In the OSA group, the children were placed supine with the neck in a neutral position in the head-neck vascular coil. In the control group, subjects were imaged in a head coil following completion of clinically requested MR imaging of the brain. Among the various MR imaging series conducted in these subjects, cine MR images were obtained with a 1.5-T MR imager (Signa; GE Medical Systems, Milwaukee, Wis) and a fast gradient-echo pulse sequence (repetition time msec/echo time msec, 8.2/3.6; flip angle, 80°; section thickness, 12 mm; field of view, 24 cm; in-plane resolution, 256 x 256). Cine MR images were obtained in the transverse plane at the level of the middle of the tongue. Images were obtained at the same level of the hypopharynx in all subjects. The appropriate level was chosen on the basis of data from a three-dimensional localizer and of information about other imaging sequences previously performed, most commonly sagittal T1-weighted spin-echo MR imaging. One hundred twenty-eight consecutive images were obtained, with a total imaging time of approximately 2 minutes. These images were displayed in cine format to create a movie of airway motion for qualitative evaluation. All clinical studies were reviewed at the time they were obtained by a pediatric radiologist (L.F.D.).

Volume Segmentation Analysis
For volume segmentation analysis, the cine MR images in the Digital Imaging and Communications in Medicine file format were transferred to a computer workstation. Volume segmentation of the cine MR images was implemented with an in-house image analysis software program called CCHIPS, or Cincinnati Children’s Hospital Image Processing Software (Research Systems, Boulder, Colo). Within CCHIPS, a single matrix of signal intensity data that encompassed the entire cine time course was constructed from the 128 separate MR images. The region of interest for volume segmentation was manually selected by a single reviewer (M.B.A.) to encompass the entire cross section of the hypopharynx. The matrix of signal intensity data within the region of interest was then analyzed with the k-means clustering segmentation algorithm within CCHIPS (29). The region of interest was segmented for the entire data set (all sections over all time evaluated) into three signal intensity levels. Three segments yielded an accurate depiction of airway borders that was based on a comparison with clinical images.

The segmented signal intensity data were displayed by assigning each signal intensity level a particular shade of gray. The two lighter shades represented the signal intensity of tissues adjacent to the airway, and the darkest gray area represented the signal intensity of the airway itself. Two soft-tissue segments were used to compensate for motion artifacts and intrinsic air–soft-tissue interface artifacts. By using a third segment to account for noise, the volumes calculated were thought to more accurately reflect the patent portion of the airway (29). The image segment that represented the patent airway was selected, and airway volume was plotted as a function of time. Segmentation of two-dimensional images allows quantification of a volume, since the imaged planes have an intrinsic thickness. Since the imaged plane is of near uniform thickness, the segmentation volumes are directly proportional to the cross-sectional area of the imaged airway.
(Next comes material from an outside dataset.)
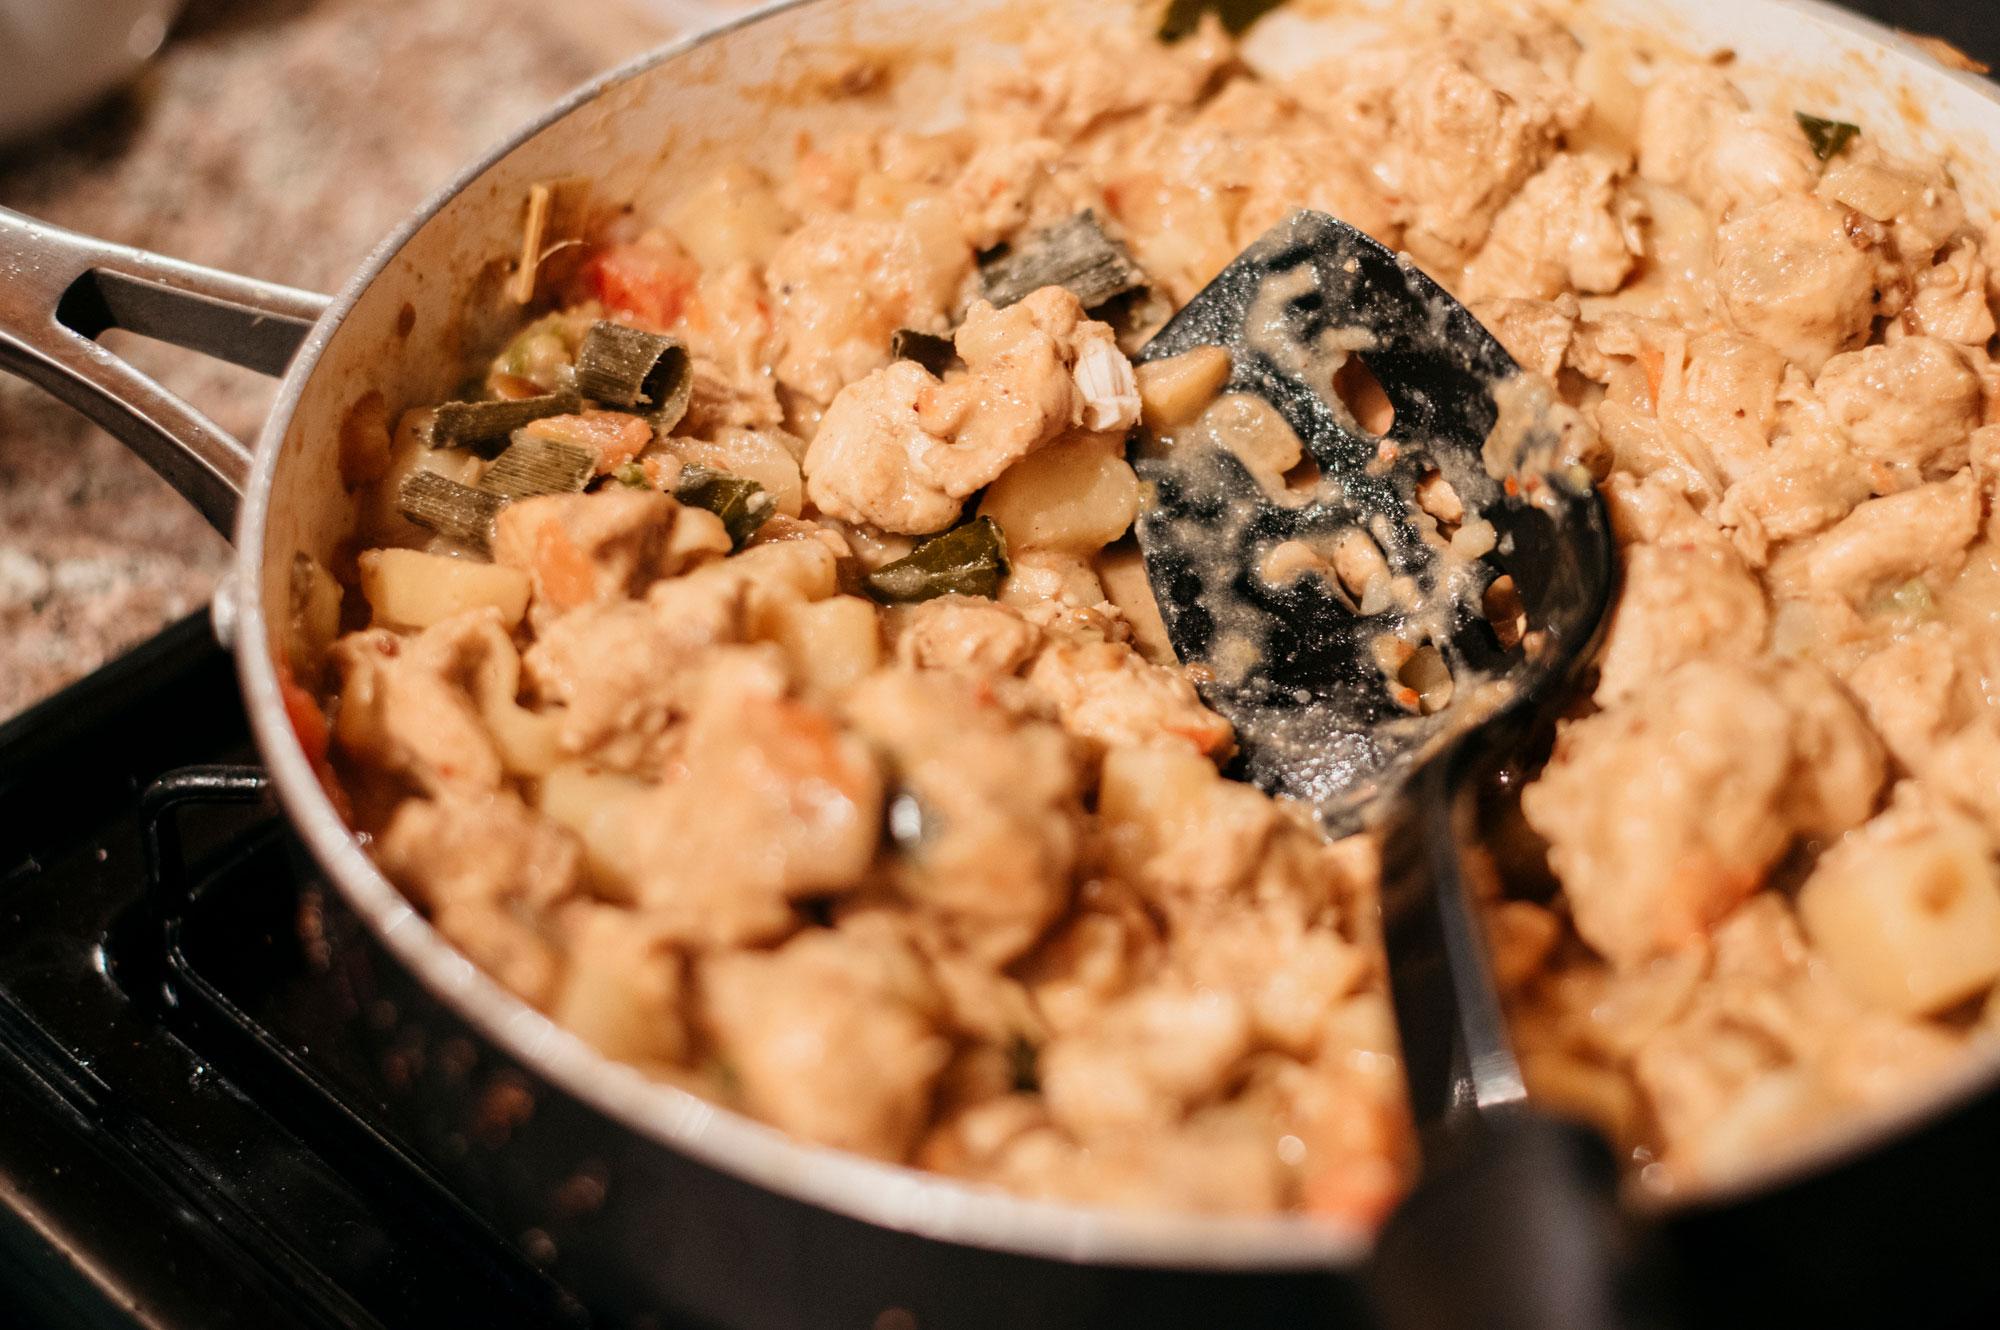 Los_Angeles_Food_photographer_Rebecca_Peloquin_Sri_Lankan_Food_011.JPG

Data and Statistical Analysis
Change in volume over time was normalized for average airway volume for the subject and plotted across the time course. The average airway volume was calculated by using the mean airway volume measured during the entire period that the cine imaging sequence was performed. Normalization allows the change in volume of the area to be viewed in relationship to the relative size of the subject’s airway, as this may vary according to size and age of subjects and plane of imaging. The changes in the normalized volume over time can then be demonstrated graphically. Volume segmentation allows objective and precise quantification of airway size and can be automated to analyze large numbers of images in a consistent manner. Volume segmentation was applied to the transverse cine MR images to quantify changes in airway size over time. Numeric characterization of airway size allowed statistical analysis of airway wall motion and objective comparison of children with OSA and control subjects.

The standard deviation (SD) and range of airway volumes were calculated for each child. These parameters are measures of individual airway wall motion and were also normalized for airway volume to allow comparison of individuals of different sizes.
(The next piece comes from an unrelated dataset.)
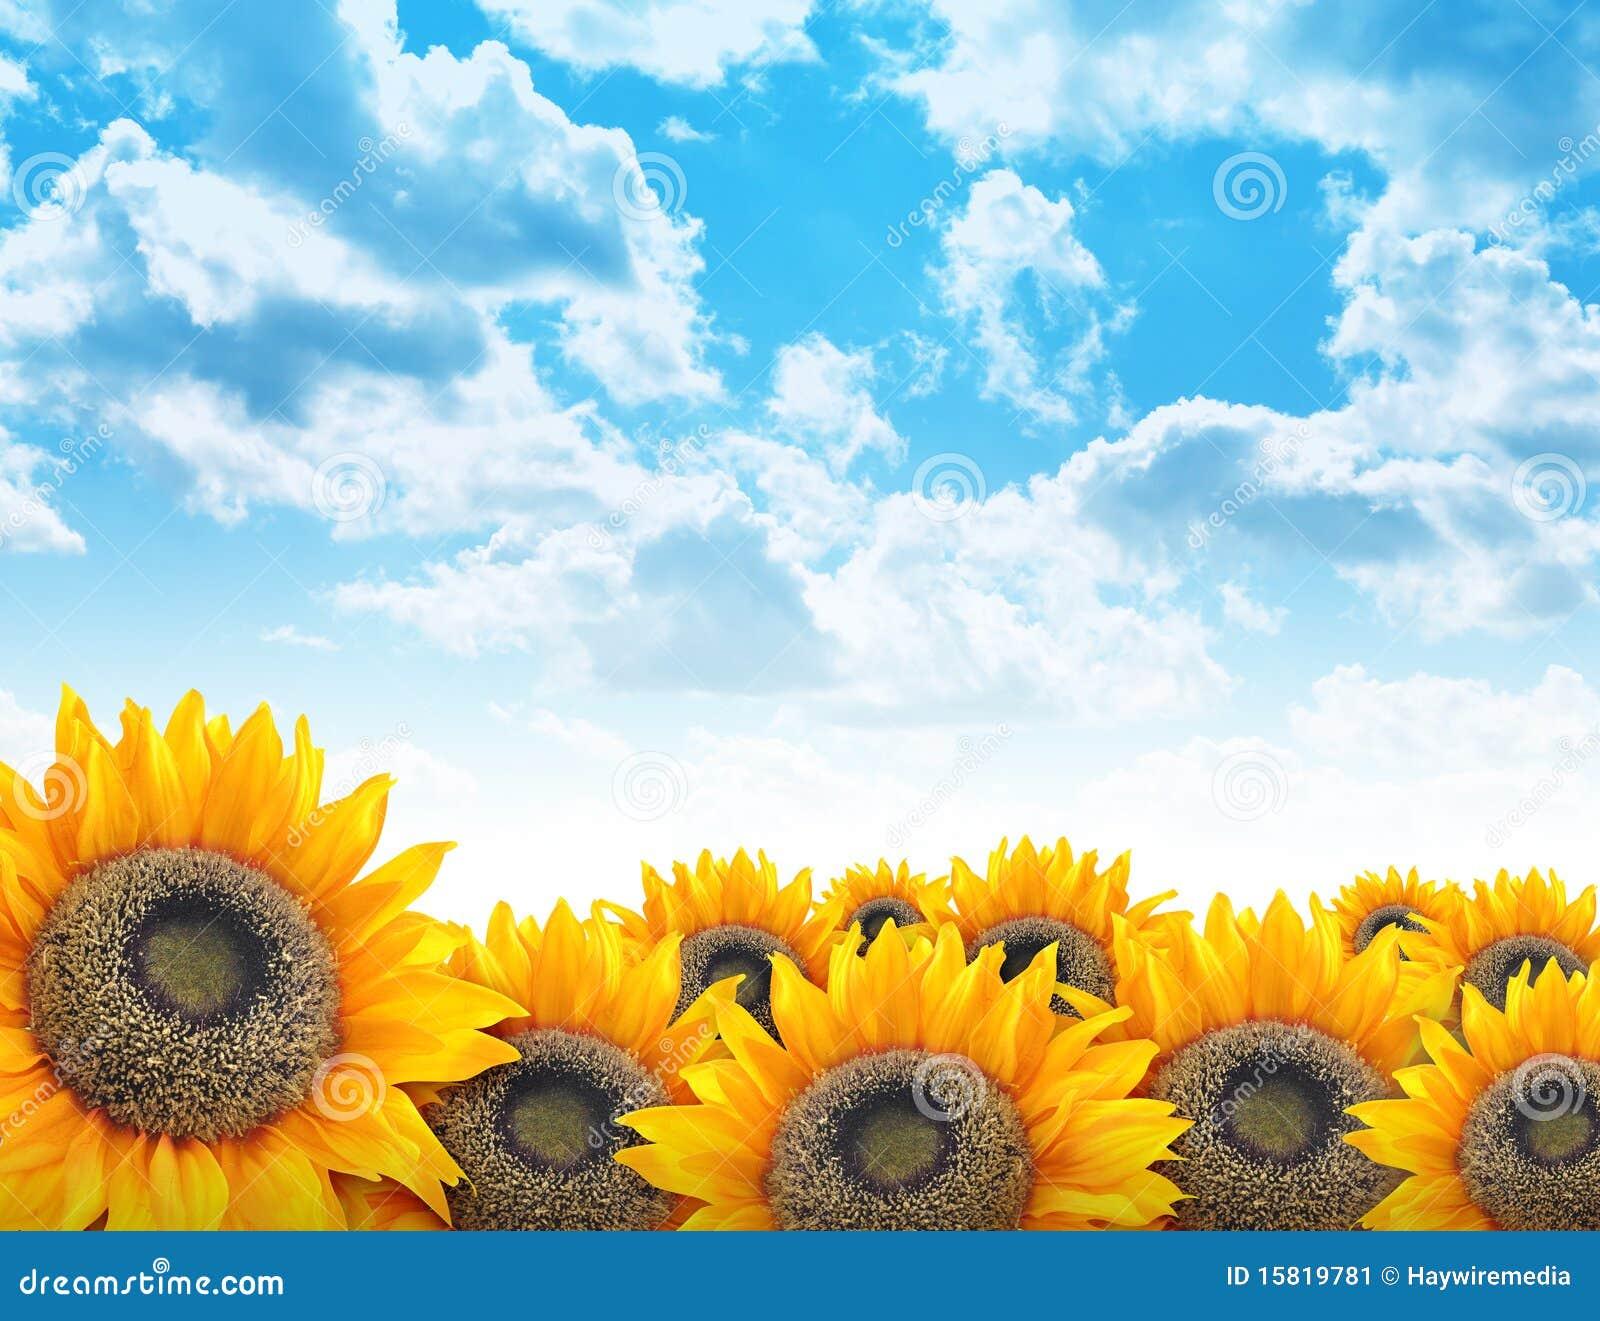 Bright Beautiful Flower Sunflower Background Stock Image ...

Statistical comparisons of average volume, SD, range, normalized SD (coefficient of variance), and normalized range between children with OSA and control subjects were made by using the Kruskal-Wallis test. The Kruskal-Wallis test was used because the data are not normally distributed. The effects of age on airway dynamics parameters between groups were compared with the two-sample t test. The effects of sex on airway dynamics parameters between groups were compared with the ² test. Values with P < .05 were considered to indicate a statistically significant difference.

	RESULTS

TOP ABSTRACT INTRODUCTION MATERIALS AND METHODS RESULTS DISCUSSION REFERENCES

 
Quantitative data are summarized in the Table. For illustrative purposes, changes in motion are demonstrated in Figures 1 and 2. There were statistically significant differences between the OSA and control groups for average airway volume, airway volume SD, range of airway volume, coefficient of variance (SD normalized for airway volume), and normalized range of airway volume. Airway diameter changed with the respiratory cycle in both groups. Control subjects demonstrated small airways with less dynamic motion when compared with the maximum volume of the airways in children with OSA (Figs 3, 4). Comparison of OSA and control groups showed increased dynamics in the OSA group; increased dynamics included both airway distention and collapse, and this is illustrated with images obtained with the analyzed cine MR imaging sequence (Figs 3, 4). Both mean SD (OSA group, 0.84 mL; control group, 0.17 mL; P < .001) and mean range (OSA group, 3.55 mL; control group, 0.86 mL; P < .001) of airway cross sections were larger in children in the OSA group. These values reflect increased airway dynamics in children with OSA.

View larger version (71K): [in this window] [in a new window] [Download PPT slide]   Figure 1a. Sequential transverse fast gradient-echo 1.5-T cine MR images (8.2/3.6; flip angle, 80°; section thickness, 12 mm; field of view, 24 cm; in-plane resolution, 256 x 256) obtained at level of hypopharynx in 63-month-old boy with OSA. Area marked with white line indicates region of interest around airway used for volume segmentation. (a) Left: Image obtained during one point of respiratory cycle shows patent hypopharynx. Right: Volume segmentation data image, with gray area that represents patent airway. (b) Left: Sequential image obtained over time shows collapsed airway. Right: Volume segmentation data image with little to no gray area, which is consistent with collapse.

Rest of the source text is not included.